Rio, 08 de Fevereiro de 2016.

Demorei dez anos para saber o que é BH. Eu me orgulho de poder dizer que escolhi BH pra viver. Escolhi mesmo. Olhei pro mapa do Google, pedi conta do emprego e fui. E deu certo, gras-a-Deus. Plantei amigos, me enraizei. Casei. Lá meu filho nasceu. Bradei aos quatro cantos que de lá só saia depois de morto. Pois é.

Demorei oito anos pra entender o Maleta, entende? Pra ser aceito na pelada do Betânia foram dez anos e média de três gols por partida. Foi sofrido. Aprendi a amar aquele povo desconfiado, mesmo sem nunca ter ganhado um único sorriso, um simples “bom dia” ou um mísero “obrigado” de qualquer caixa da padaria.

Agora cá estou vivendo no Rio de Janeiro. Não tive muita escolha. Ou vinha, ou não dava conta da Pampers Premium Care. Pois é. Dizer que eu já amo o Rio é forçar a barra. (Pô, tá de sacanagem?) Mas acho que já sei o que é o Rio.

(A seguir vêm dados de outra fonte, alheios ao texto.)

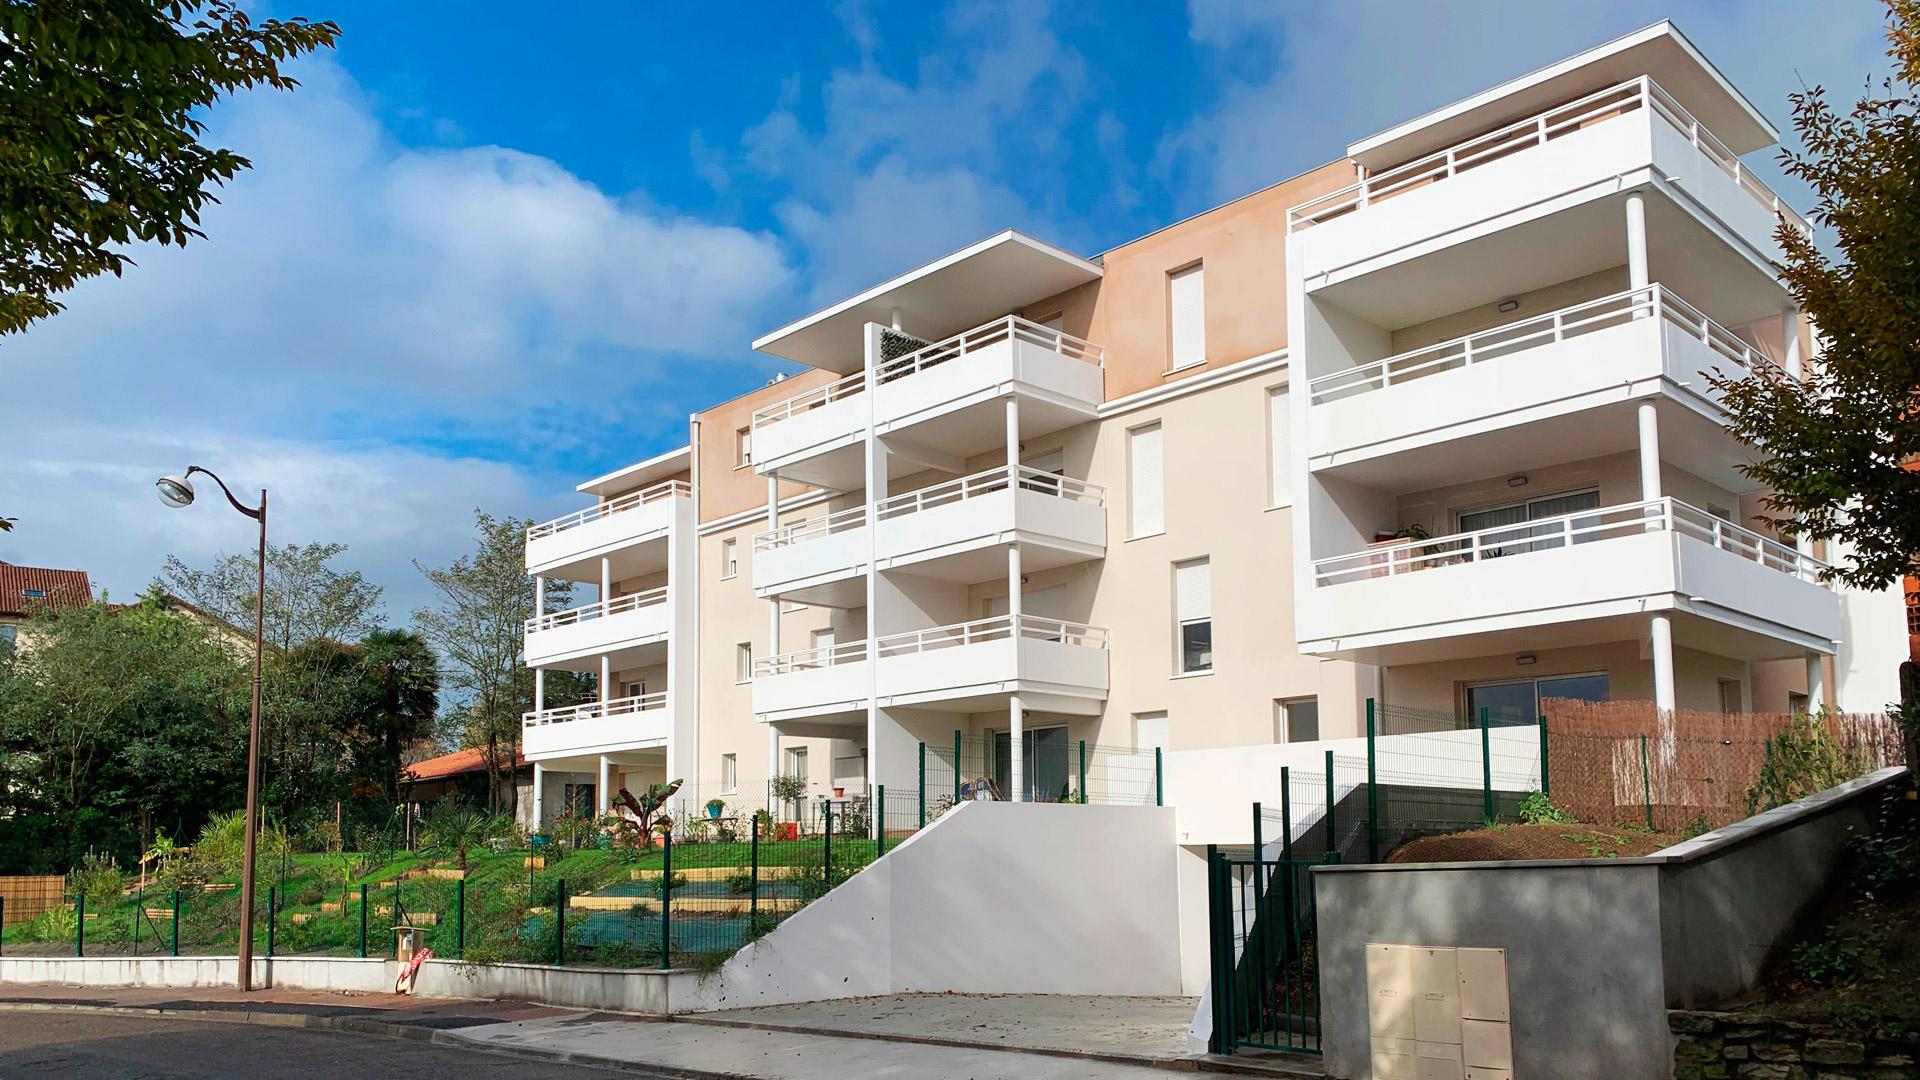 Résidence Iparla à St Paul-Lès Dax - SAGIM Immobilier

Olha o que aconteceu comigo.

Durante uns seis meses, acho que mais de trinta vezes, eu peguei o 368 no centro, ali próximo à Avenida Franklin Roosevelt, perto do aeroporto, em direção à Barra. Todas as vezes eu ganhava do motorista um sorriso, um bom dia e um obrigado.

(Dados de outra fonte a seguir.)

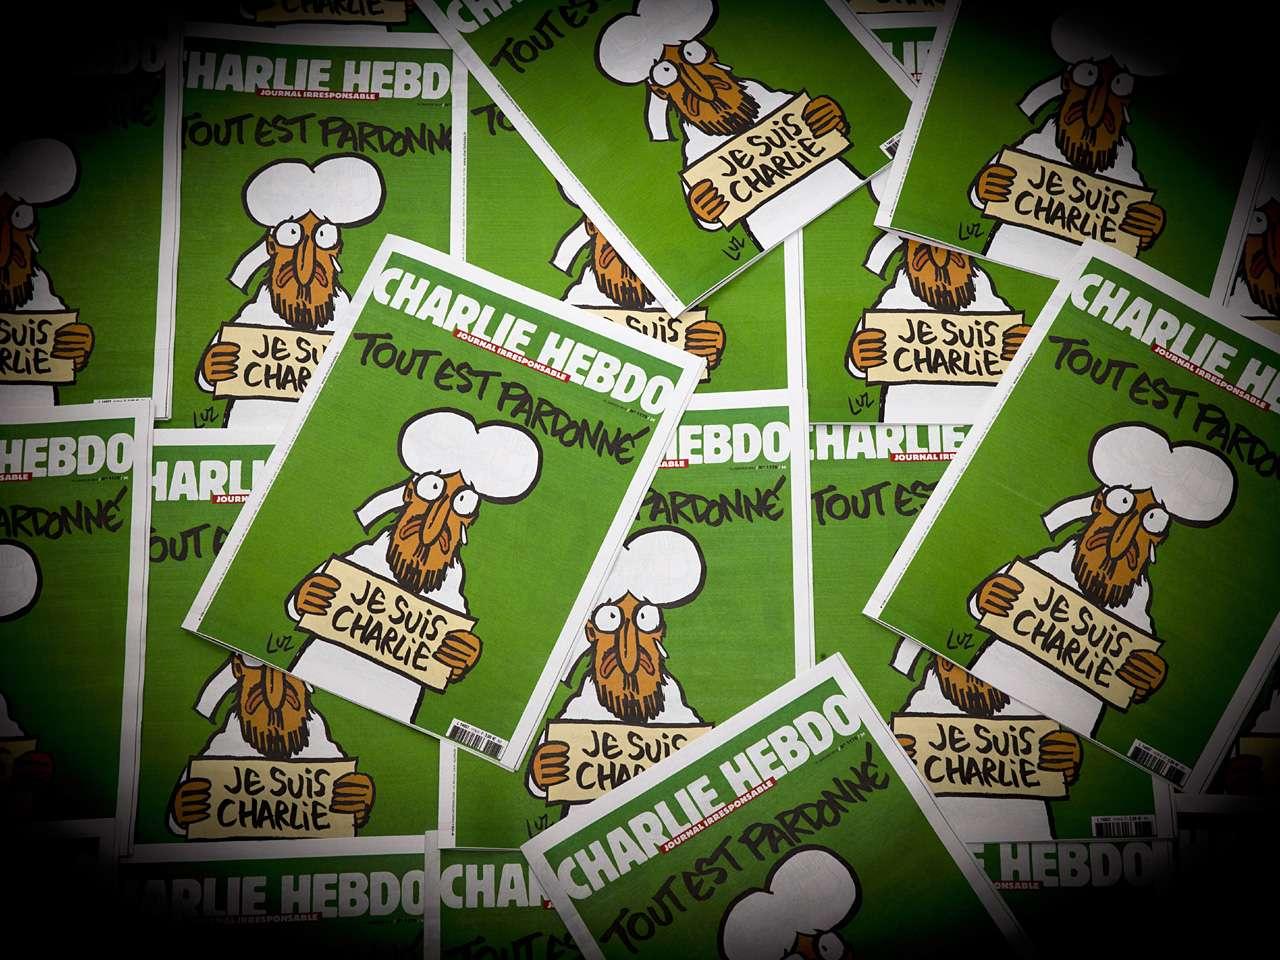 La demanda de Charlie Hebdo ya provocó la reventa en internet Foto: AFP en español

Quase sempre eu ia ouvindo Caymmi, cantado por Marina de La Riva. Confesso que chorei. Na subida da serra, na Grajaú, eu sempre chorava. Dorival é foda. “Ah, se eu escutasse o que a mamãe dizia...”, “...Ah, essa saudade dentro do meu peito”. Mamãe. Saudade. Peito.

Mas daí que um dia eu tava lá, no ponto do ônibus, no centro. Dei sinal e o 368, vaziinho, não parou. Primeira vez que isso acontecia. Passou direto. Fiquei muito puto. “Filho da puuuta...”. Me acalmei vinte minutos depois, quando outro 368 apontou na esquina. Dei sinal e aquele parou. Enquanto contava as moedas eu ia resmungando para o motorista:

“Cê acredita que o filho da puta do seu colega que passou agora a pouco não parou quando eu dei sinal?”
E ele, após uma gargalhada espaçosa: “Rapá, o 368 não pode parar aqui não. Seu ponto é ali ó, você tem que andar mais uns 700 metros”. "Uai moço, mas eu já peguei esse ônibus aqui mesmo umas trinta vezes”. “É, irmãozinho, mas aqui não pode parar não. A gente para porquê a gente é sangue bom. Se o fiscal pegar eu perco a minha cesta básica, sabia?”.
Juro que naquela hora eu senti uma vontade irreprimível de dar um abraço (hétero) naquele sujeito. Aquele cara é o Rio de Janeiro.